The morphology of the hydrogel loaded with both drugs was compact, suggesting a strong aggregation of the hydrogel and drug(s) via non-covalent forces mediated by the drug(s) (Fig. 5). This was similarly reported by She et al. [61]. Hydrogel loaded with a single drug was characterized by fibrous and irregular morphology for curcumin and swollen topology with folded morphology for DOX. The morphology of the PEG hydrogel was irregular and coarse. A similar finding was reported by Xu et al. [62]. Furthermore, the thermal stability of the drug was improved when incorporated into the carriers (Fig. 6). A similar finding was reported by Thakur et al. [63]. The moisture content of the hydrogel was low in the range of 7–11%, which is acceptable, indicating the good stability of the hydrogel on storage.

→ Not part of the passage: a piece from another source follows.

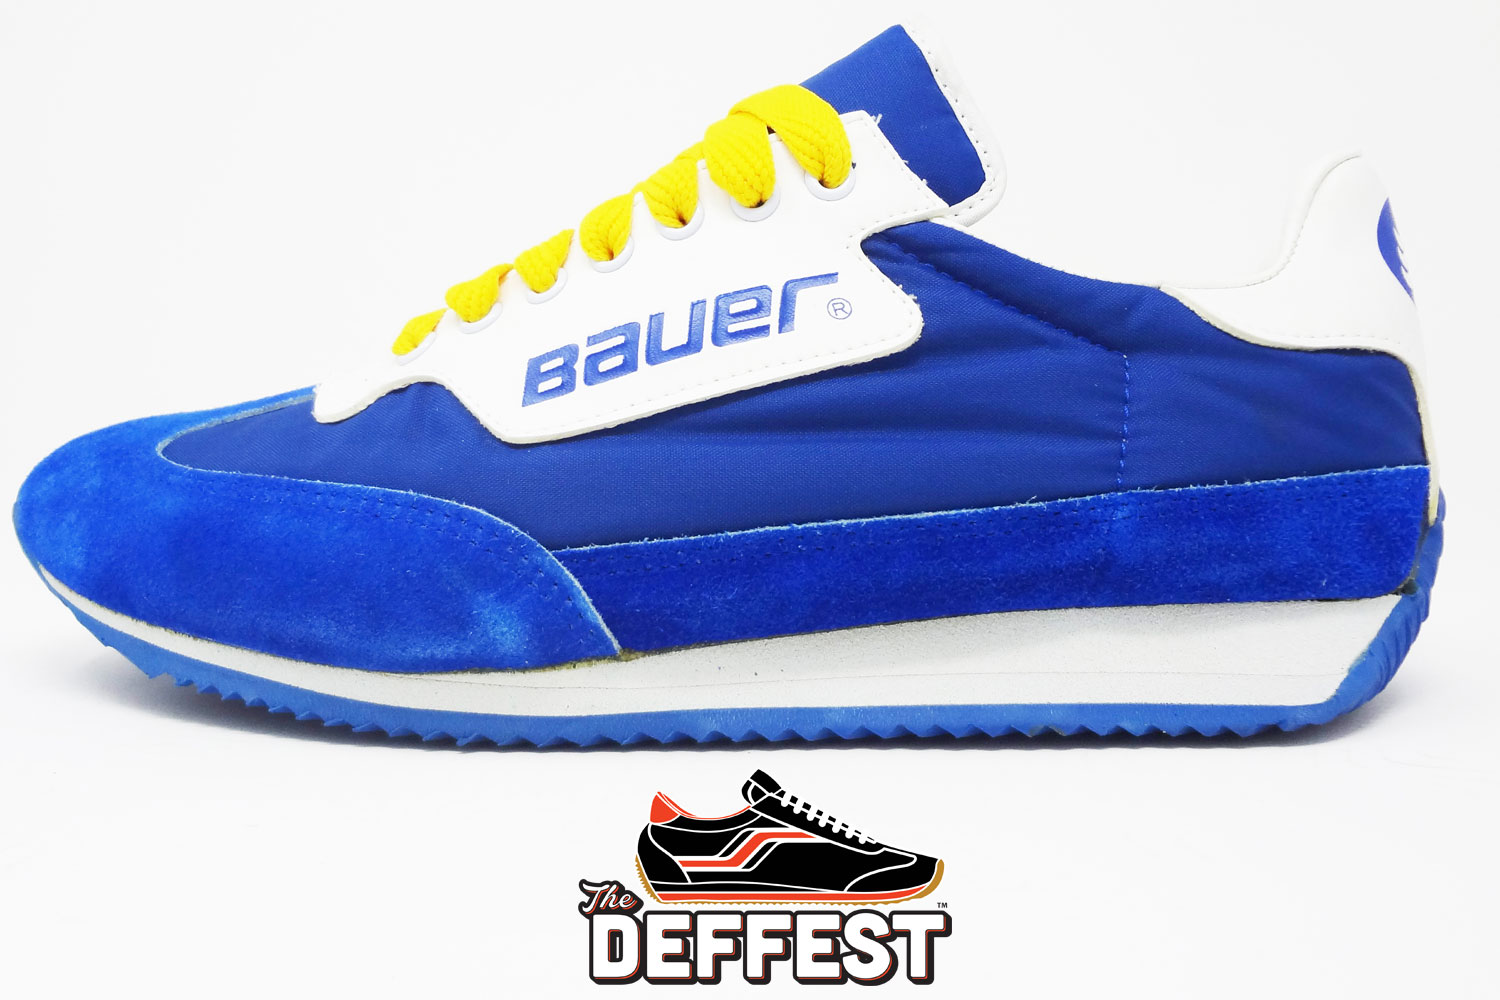 Vintage 70s 80s Bauer Targa II sneakers @ The Deffest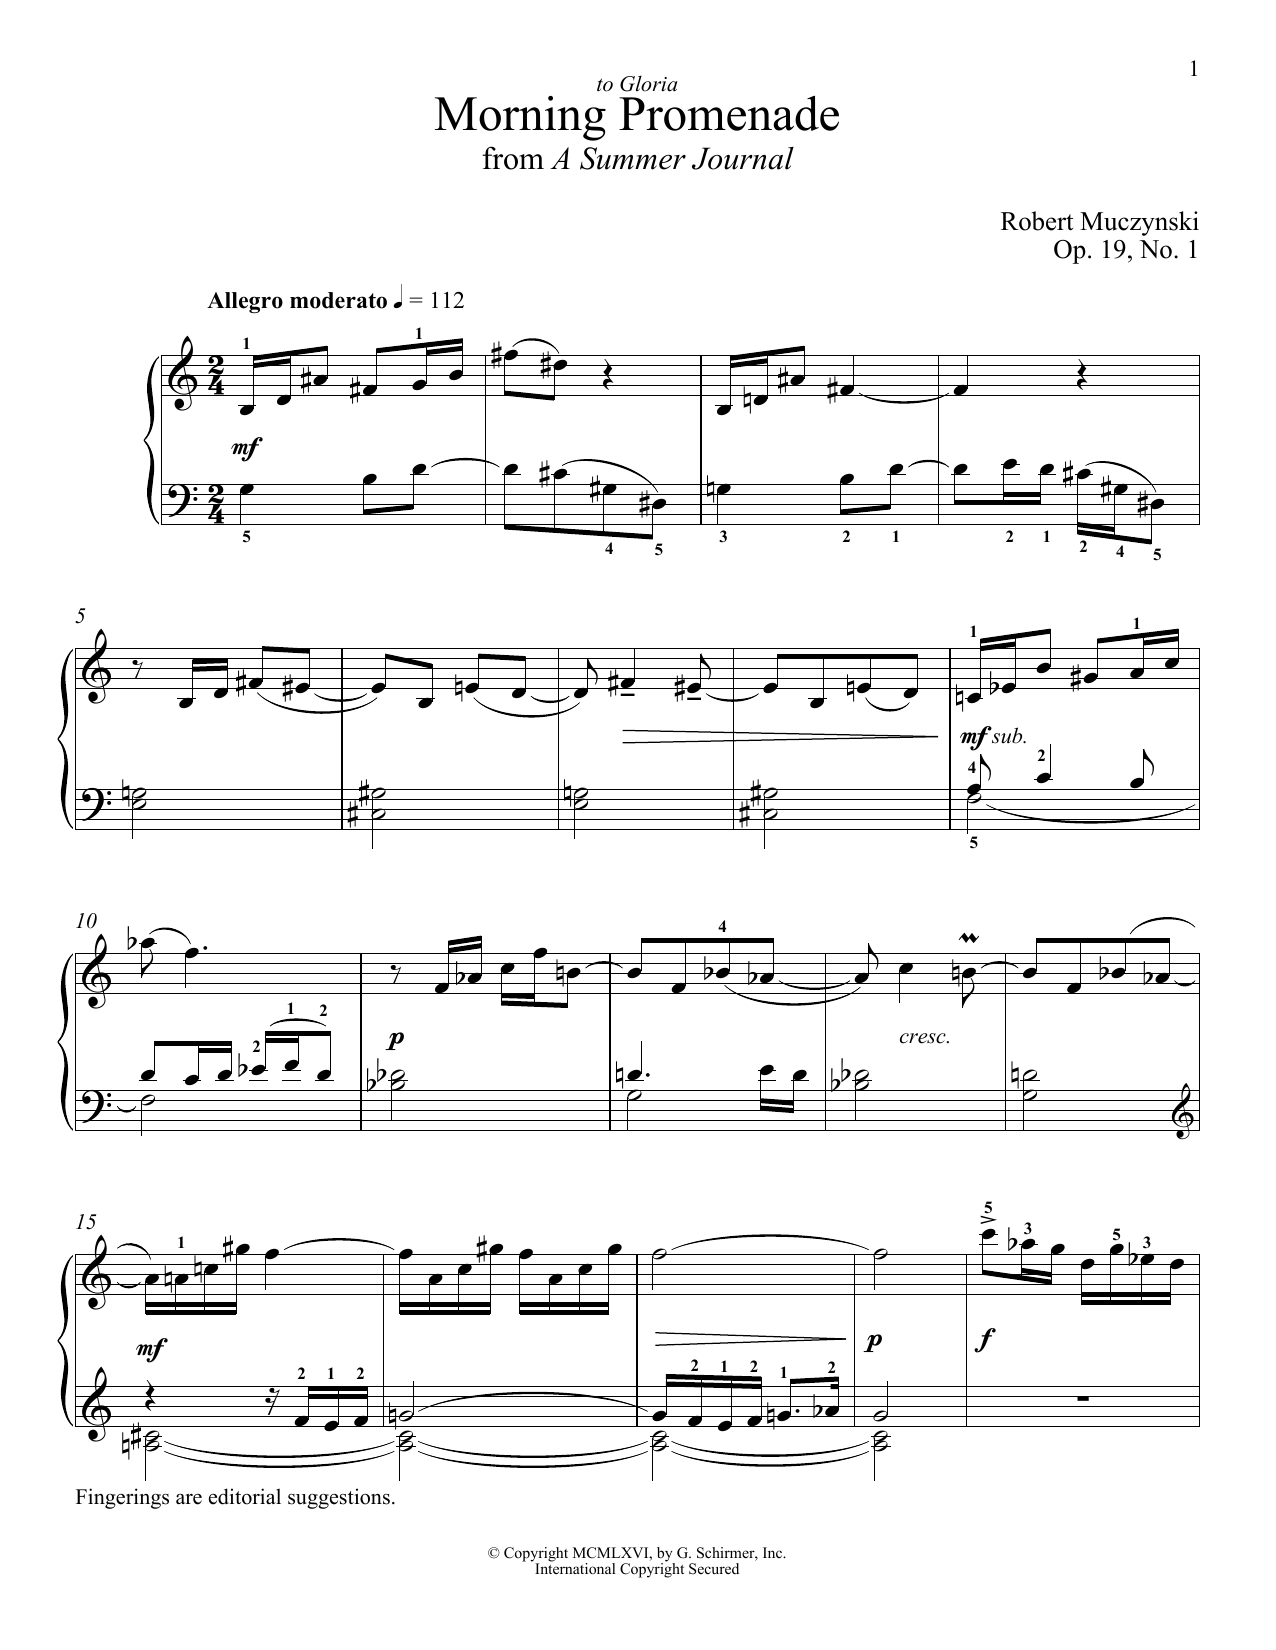 Robert Muczynski Morning Promenade Sheet Music Notes & Chords for Piano - Download or Print PDF

The cell viability effects of the hydrogel loaded with the drug were time- and dose-dependent (Fig. 7). Reduced cell viability was significant between 48 and 72 h, which confirmed that the amount of drug release between 48 and 72 h was high when compared to 24 h. The cell viability effect of the drug-loaded hydrogel was significant in hydrogel loaded with a high amount of drug. The hydrogel without the drug revealed cell viability effects which were not significant, indicating the non-toxic nature of the hydrogels. Similar findings were reported by some researchers in which the % cell viability effects from drug-loaded hydrogels were time- and dose-dependent [64,65,66]. These observations are similar to that which were reported by Barui et al. [27]. In the report by Zhang et al. [29], the conjugation of DOX and curcumin into nanoparticles did not result in any enhanced synergistic effects because of quick internalization and removal of free DOX and Cur through passive diffusion by cancer cells, resulting in short antitumor effects of the formulation. Curcumin is reported to be a modulator that can enhance DOX-induced antitumor activity and also reduce adverse effects by suppressing lipid peroxidation in normal tissue. Curcumin enhances DOX antitumor activity via main caspase-independent cell death [67, 68]. These results suggest that PEG-based hydrogel is a potential system for the delivery of anticancer drugs for the treatment of breast cancer. The good features of the hydrogel suggest that it is a potential delivery system for enhanced efficacy of drugs with poor bioavailability, for targeted delivery and for combination therapy.

Conclusion

PEG-based hydrogel was prepared via free radical polymerization followed by loading of curcumin and DOX into the hydrogel. The hydrogel was characterized using different characterization techniques, and the results showed that the drugs were successfully incorporated into the hydrogel. The study showed that the release of individual drug from the hydrogel loaded with both drugs was influenced by the interaction of the drugs. The in vitro cytotoxicity assay further confirmed an enhanced anticancer effect of the drug(s)-loaded hydrogel on treated cell lines when compared to the free drugs. This suggests that the PEG-based hydrogel has the potential to serve as a drug delivery vehicle for anticancer drugs. However, it is advised that further in vivo studies be carried out.